WHAT YOU WILL DO
Set the listing down again exactly, please, apart from its pictures.

SUPPLIED MATERIAL
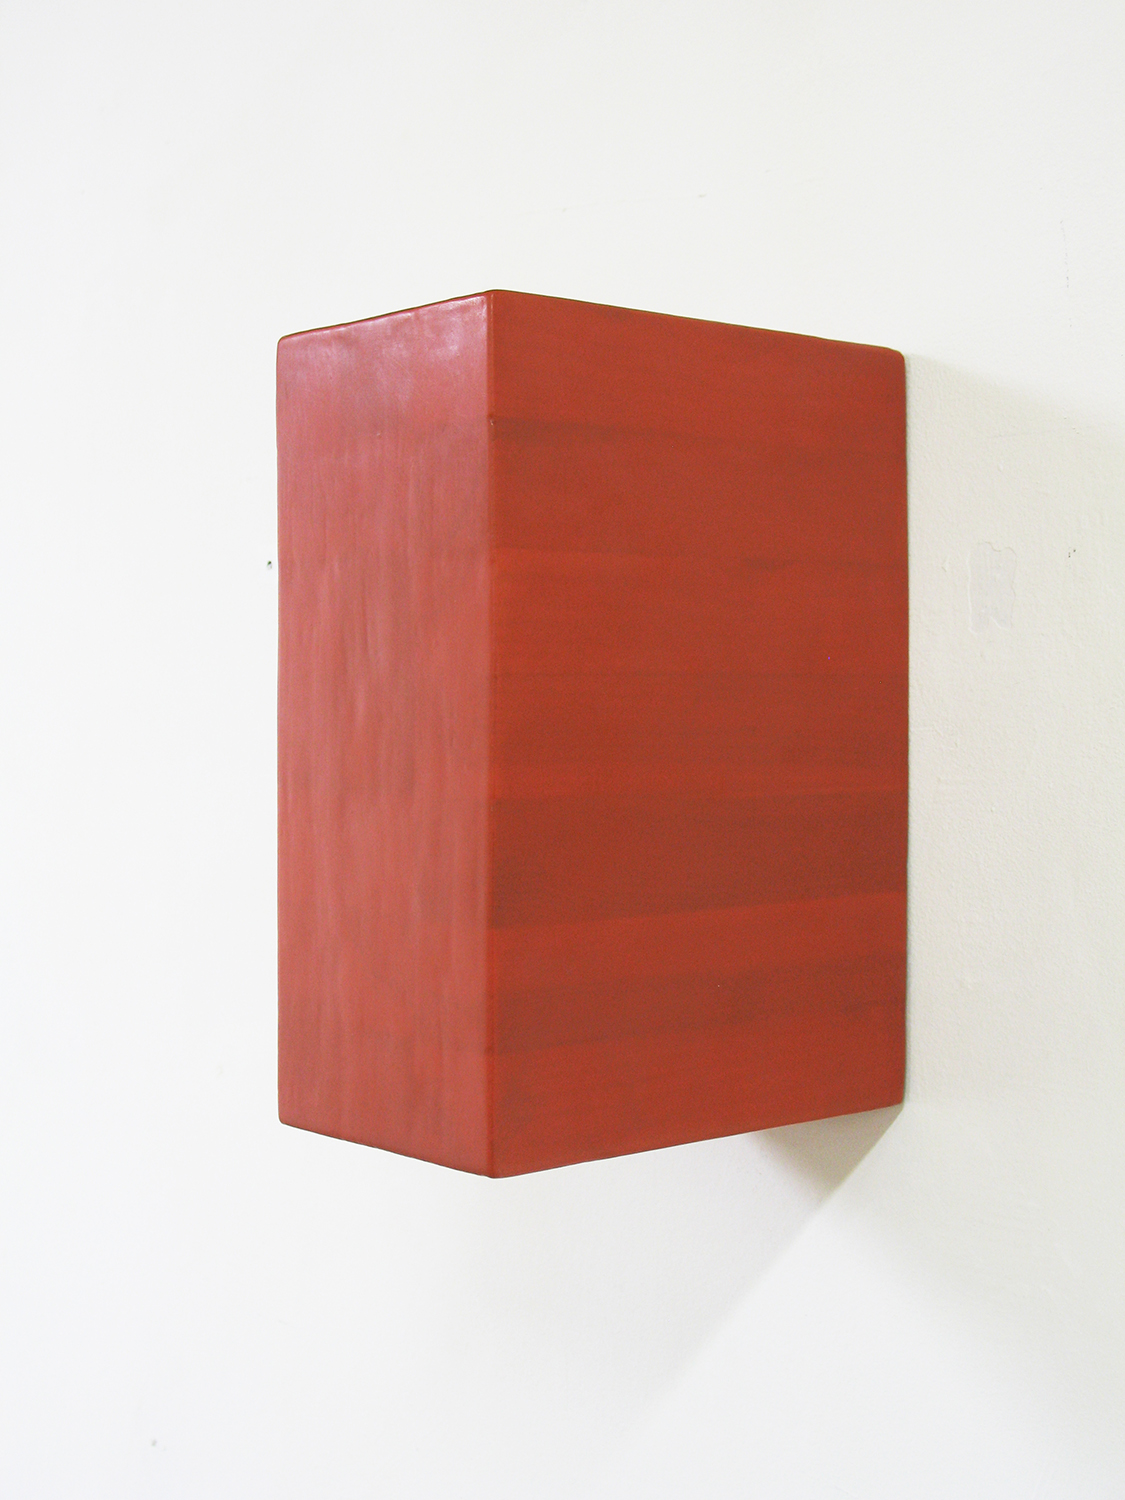 TS0005｜Coloured resin on laminated soft wood｜22.5 x 10 x 16 cm｜2000
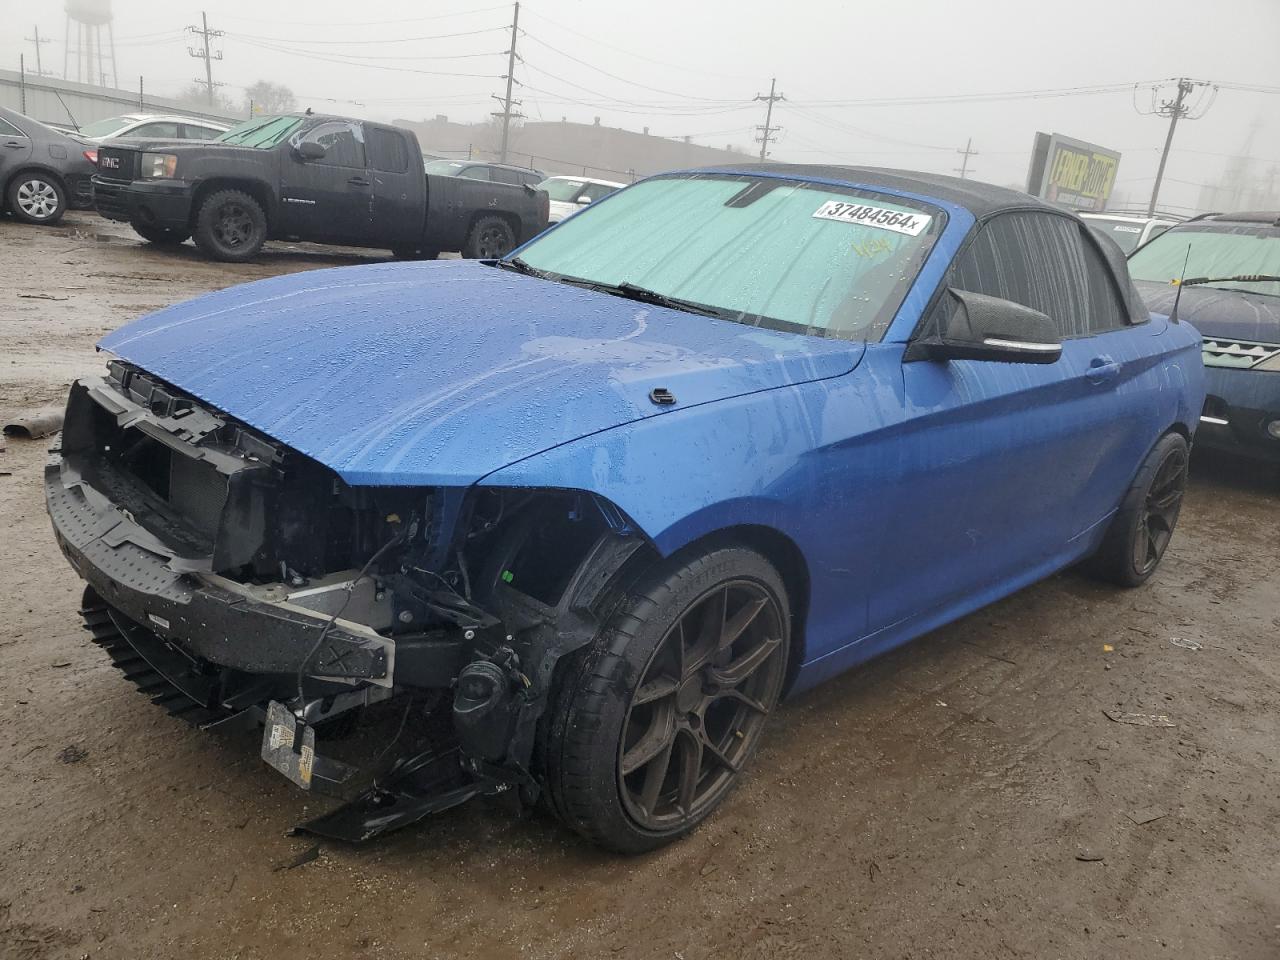 vin: WBA2L1C3XHV666595 WBA2L1C3XHV666595 2017 bmw m2 3000 for Sale in 60411 5546, Il - Chicago South, Chicago Heights, USA
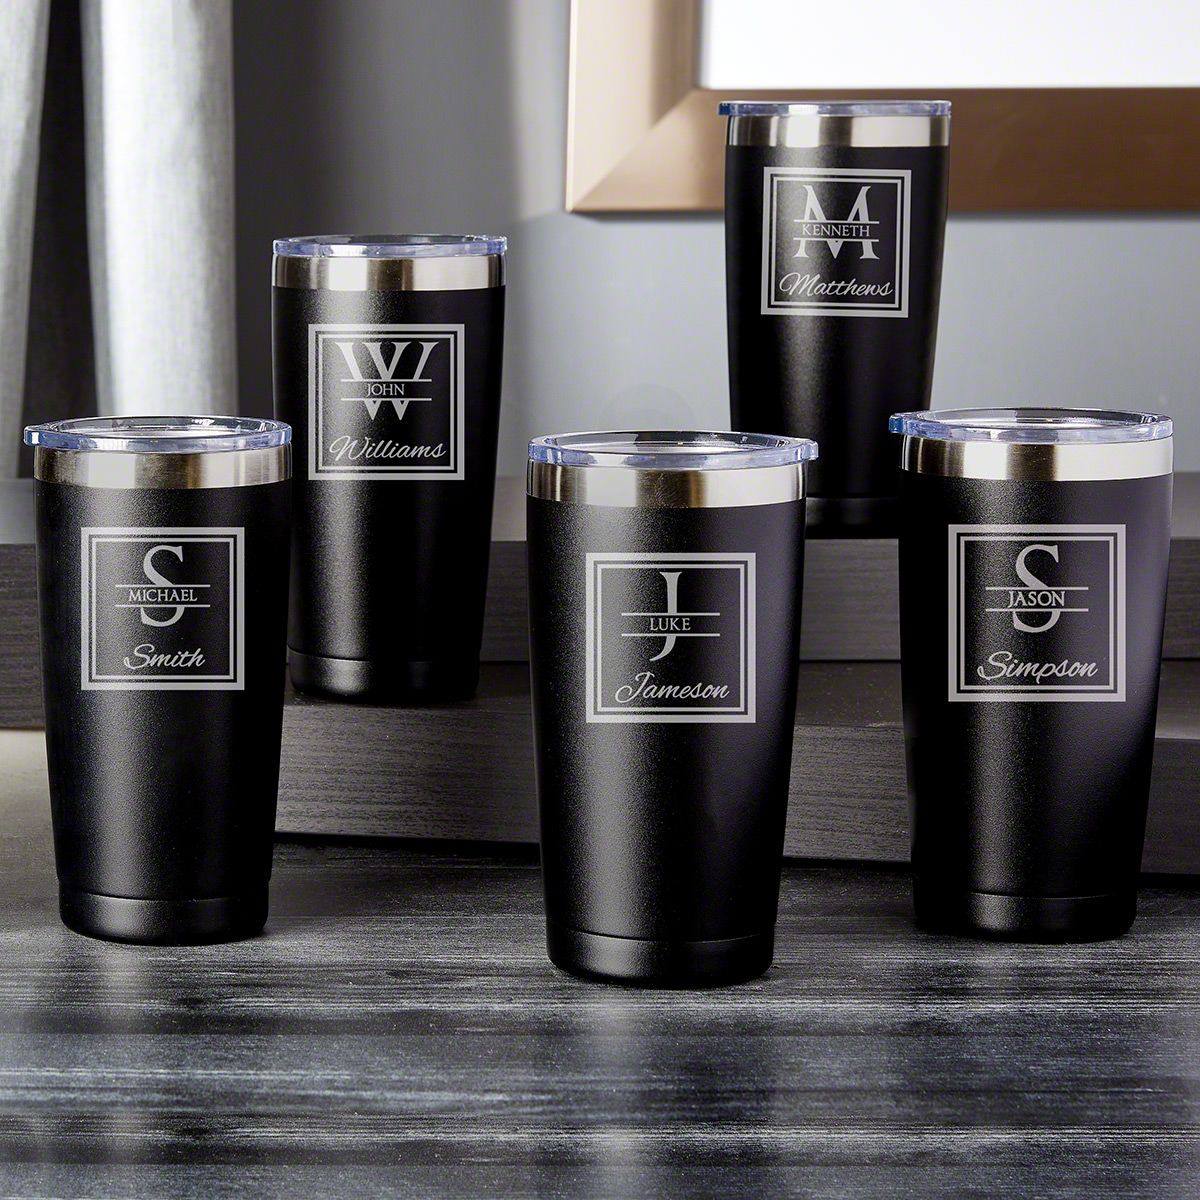 https://images.homewetbar.com/media/catalog/product/o/a/oakhill-blackout-coffee-tumblers_-set-of-5-p_7652.jpg?store=default&image-type=image
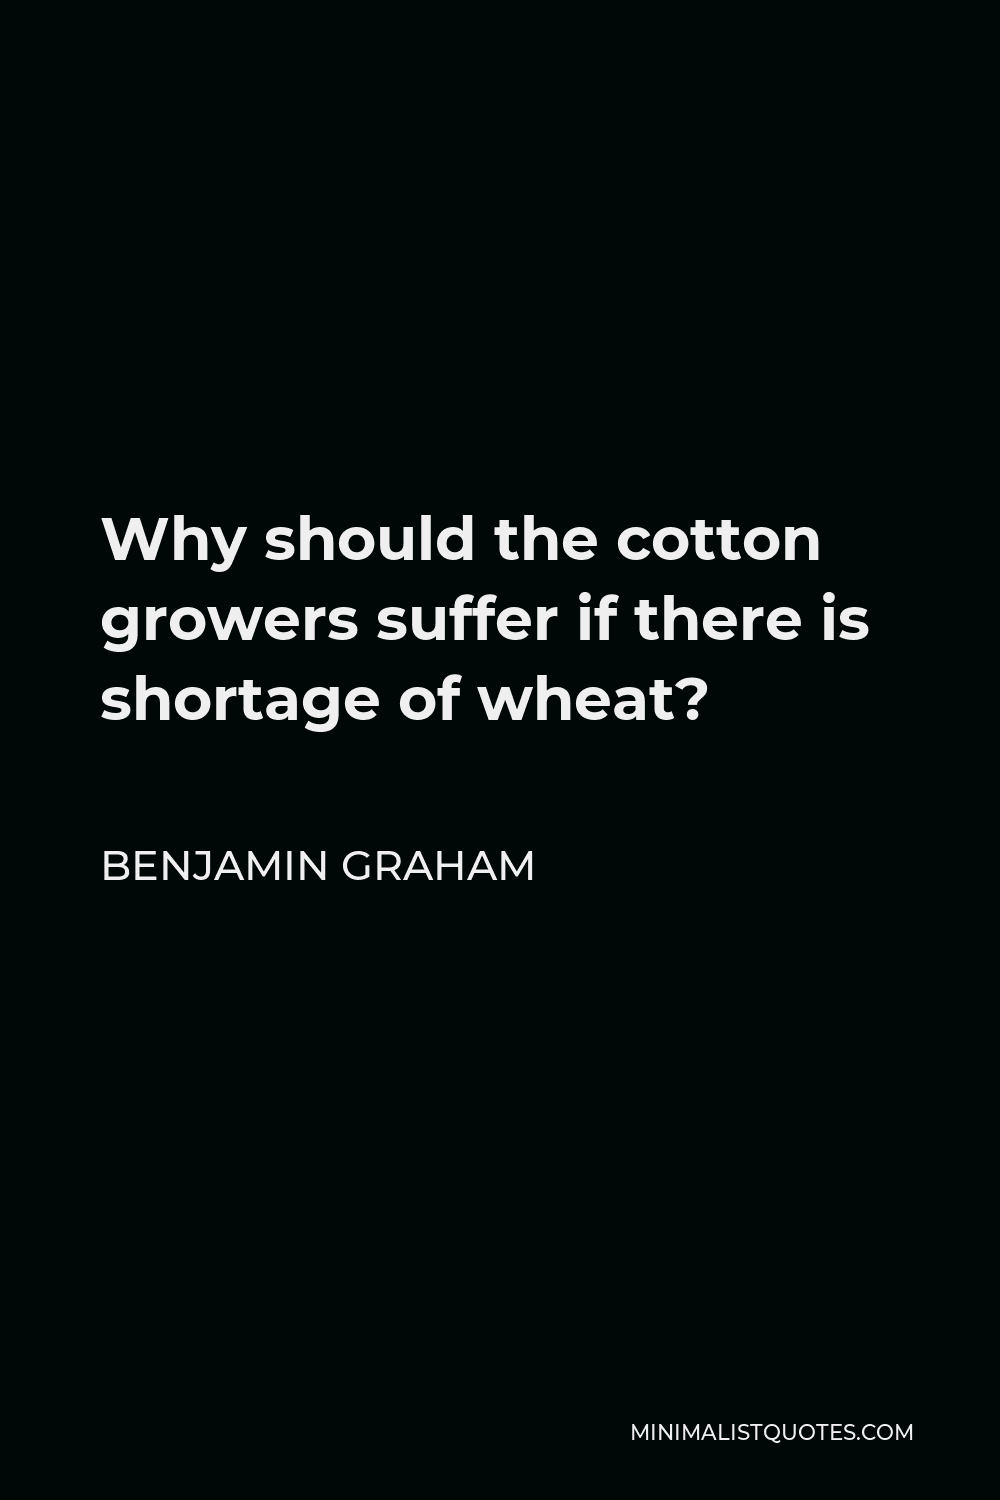 Benjamin Graham Quote - Why should the cotton growers suffer if there is shortage of wheat?

TASK RESPONSE
 TS0005｜Coloured resin on laminated soft wood｜22.5 x 10 x 16 cm｜2000
 vin: WBA2L1C3XHV666595 WBA2L1C3XHV666595 2017 bmw m2 3000 for Sale in 60411 5546, Il - Chicago South, Chicago Heights, USA
 https://images.homewetbar.com/media/catalog/product/o/a/oakhill-blackout-coffee-tumblers_-set-of-5-p_7652.jpg?store=default&image-type=image
 Benjamin Graham Quote - Why should the cotton growers suffer if there is shortage of wheat?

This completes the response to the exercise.